Once the pictures are set aside, copy the data below exactly as it stands.

MATERIAL PROVIDED:
::::::::
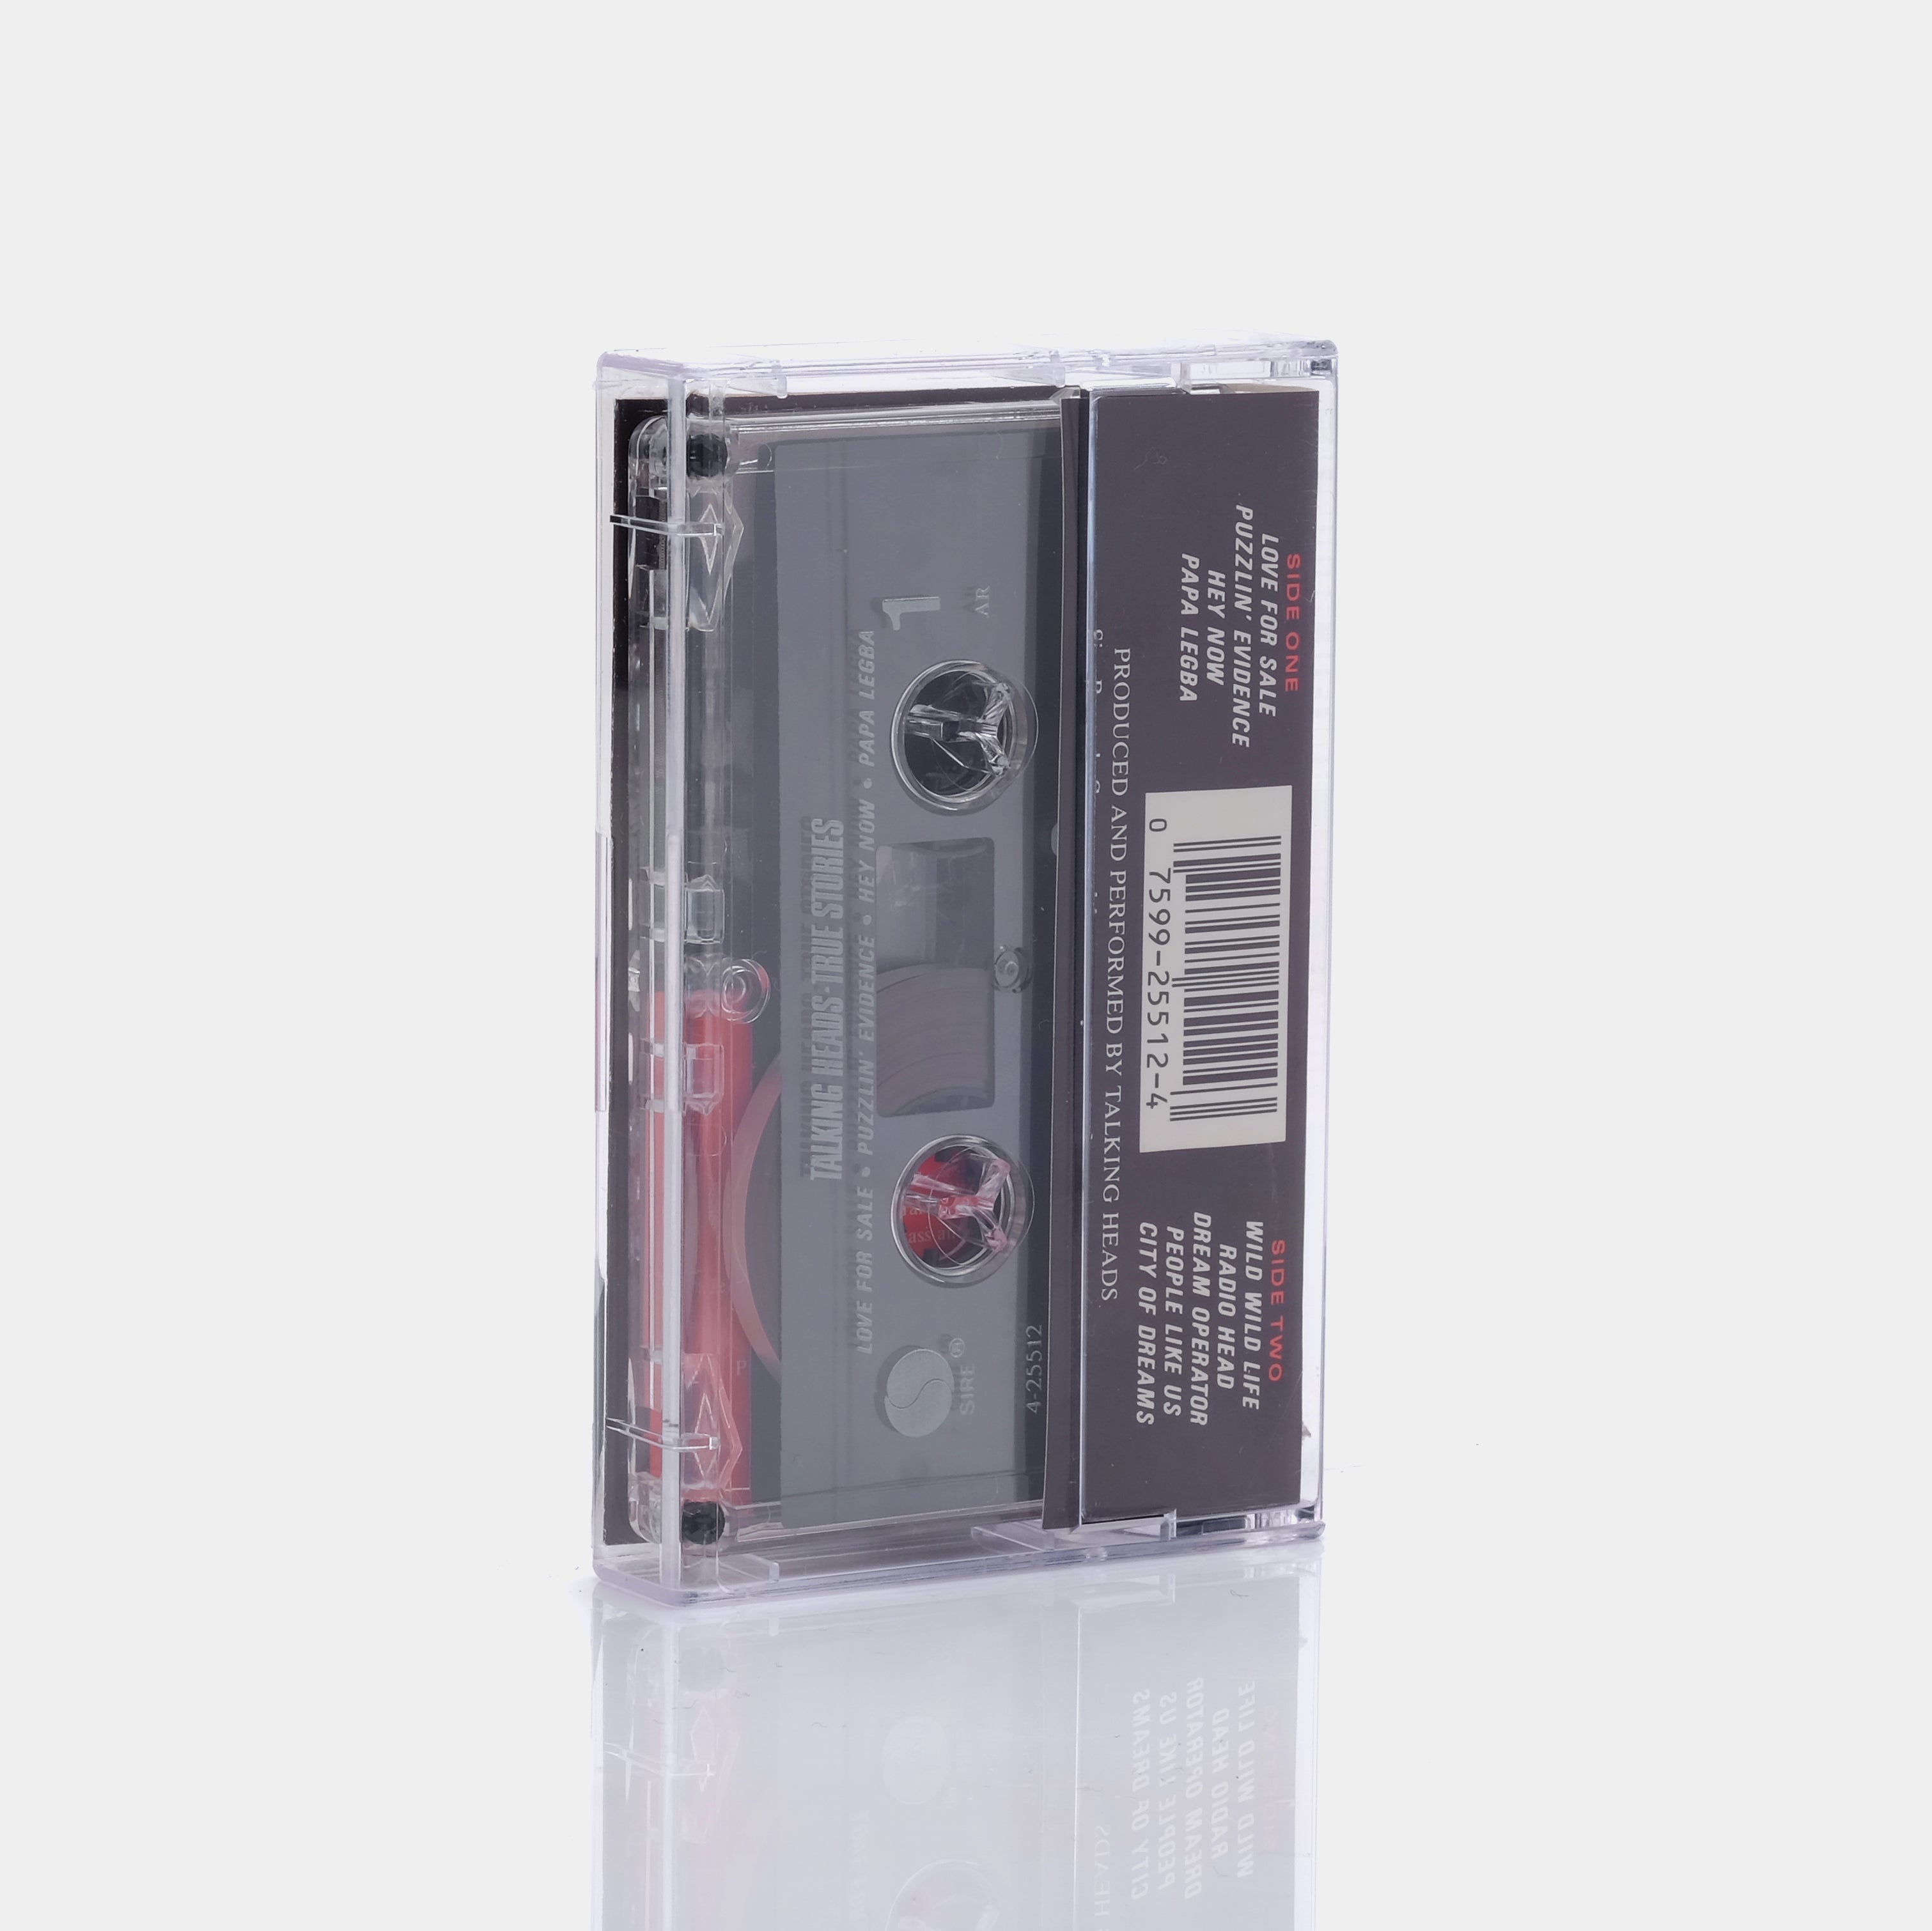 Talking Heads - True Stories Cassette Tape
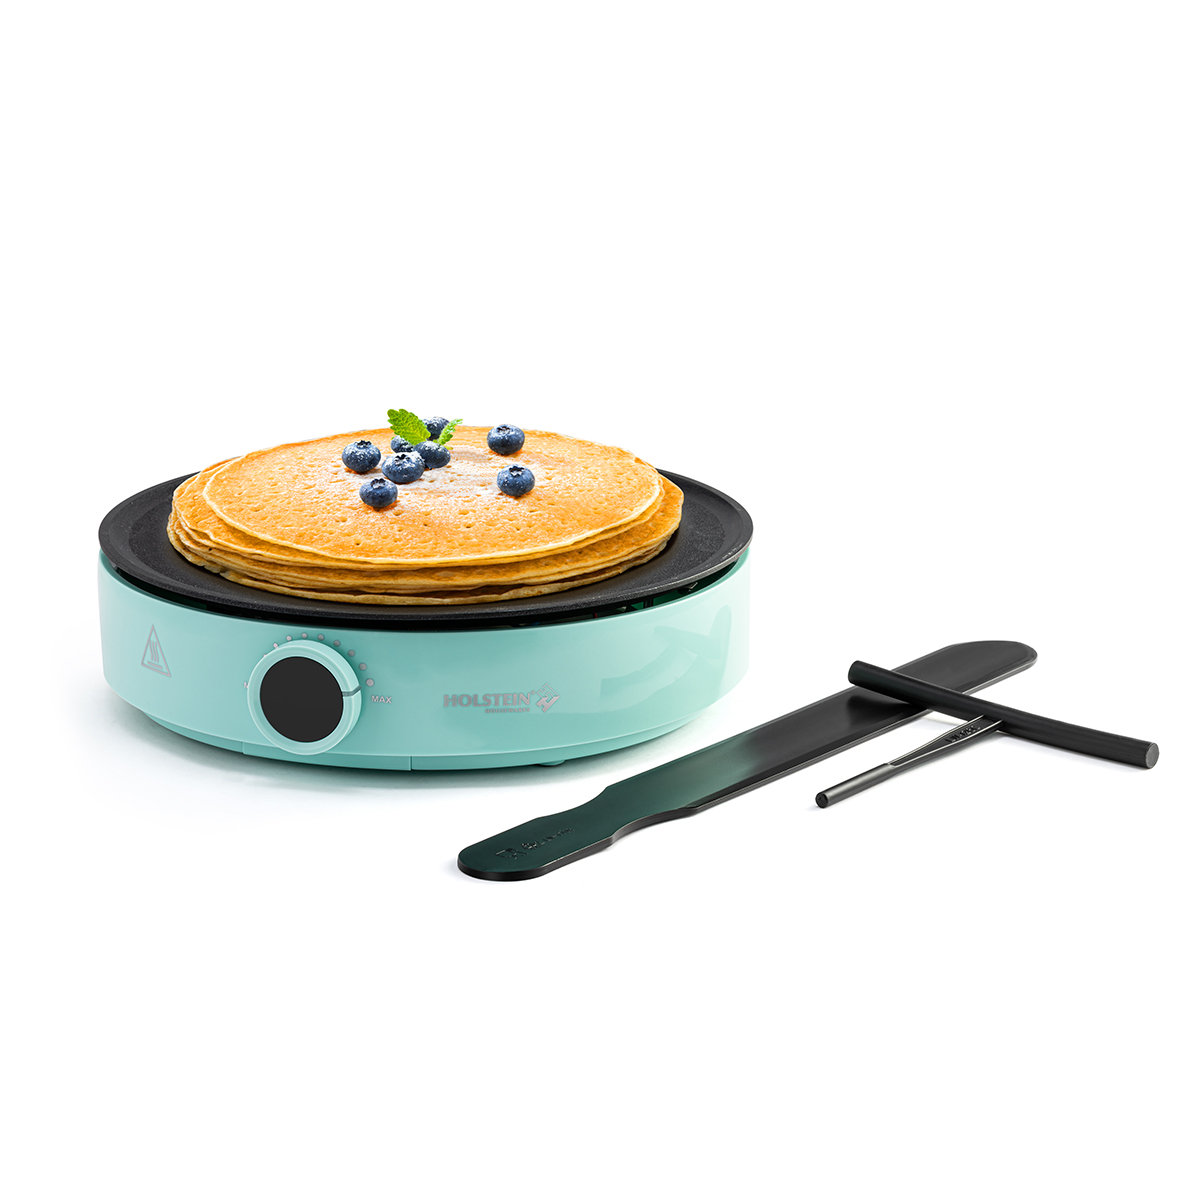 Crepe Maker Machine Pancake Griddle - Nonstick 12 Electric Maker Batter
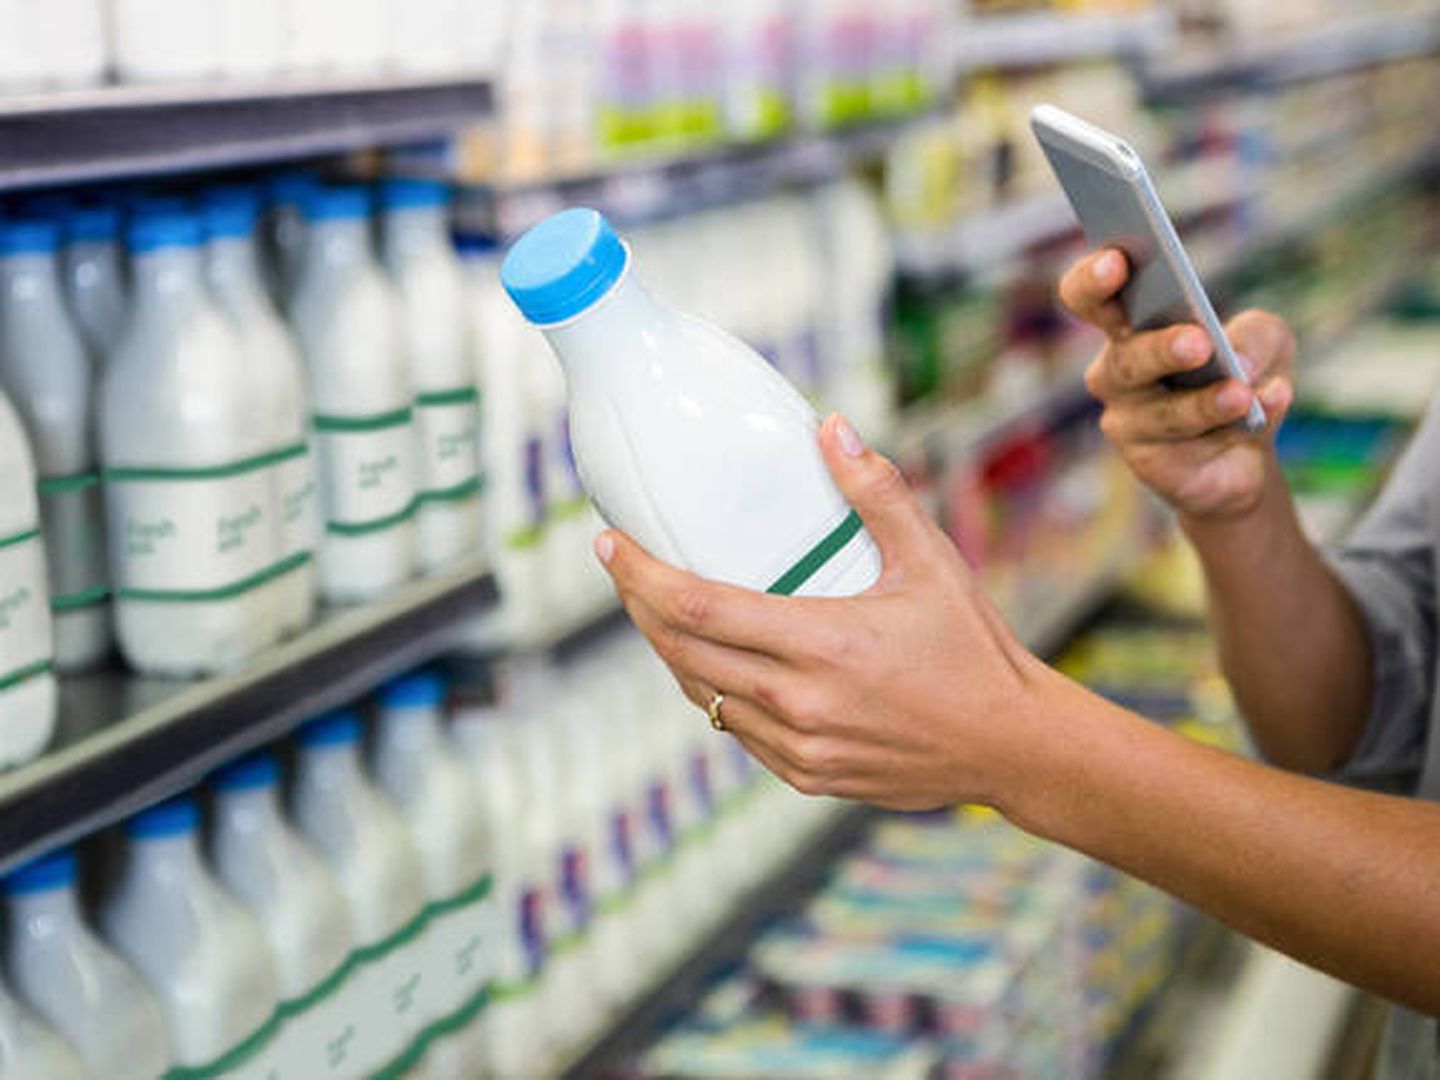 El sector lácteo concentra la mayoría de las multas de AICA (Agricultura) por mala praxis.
::::::::
OUTPUT:
 Talking Heads - True Stories Cassette Tape
 Crepe Maker Machine Pancake Griddle - Nonstick 12 Electric Maker Batter
 El sector lácteo concentra la mayoría de las multas de AICA (Agricultura) por mala praxis.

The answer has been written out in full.